Continuing my dialogue with myself, ...

> The problem seems to be that redirection with rdr does not
> work in true transparent bridge mode, when the target of the
> rdr is on the localhost interface of the bridge.  Although
> reading all the docs (I've got through a pile of printouts
> about an inch thick) generally gives the impression that
> this ought to work, no-where does it ever say so explicitly.
>
> All the examples I have found anywhere of redirection have
> either been for machines configured with IP addresses on
> the interfaces and running single-IP NAT, or they have been
> redirecting to IP addresses on the internal interface network.

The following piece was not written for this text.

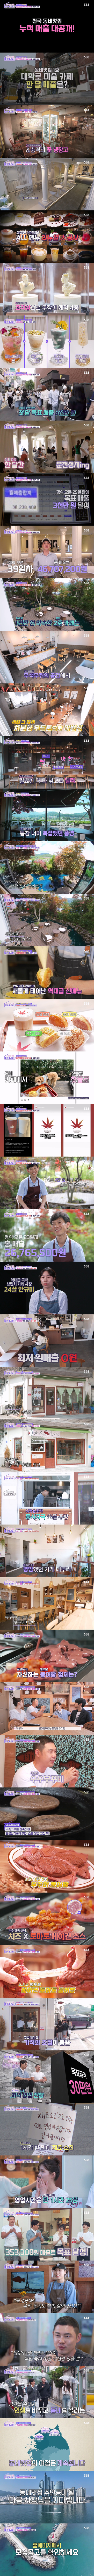 SBS entertainment show that pays off debts

I found this in the transparent squid doc on benzedrine:

  "Troubleshooting

  Make sure processes running on the firewall can connect to local clients and
  external servers. Try ping and telnet to internal and external hosts. Note
  that when running a bridge(4), the internal and external interface both need
  an IP address, otherwise the firewall's userland (where squid is running) is
  isolated from both networks. You can block unwanted connections to the
  firewall itself using pf."

I think I may be getting to the bottom of a misunderstanding.  I was under
the impression that a transparent bridge *could not* have IP addresses on
its bridge interfaces.  This seems to be saying that it is allowed, and
indeed necessary if any traffic internal to the machine is ever going to
be routed to anything on either side of the bridge interfaces.

(This would explain why pf.conf files that apparently work elsewhere didn't
work for me - the binding of the IP address isn't visible in the pf.conf
file ...)

If this is the case it might explain why I have not been able to
redirect traffic to 127.0.0.1 on the bridge machine itself (the traffic
going out $int_if but addressed to 127.0.0.1, which is clearly wrong)

So... what are the consequences of putting IP addresses on the bridge
interfaces?  Are there any unexpected surprised waiting for me?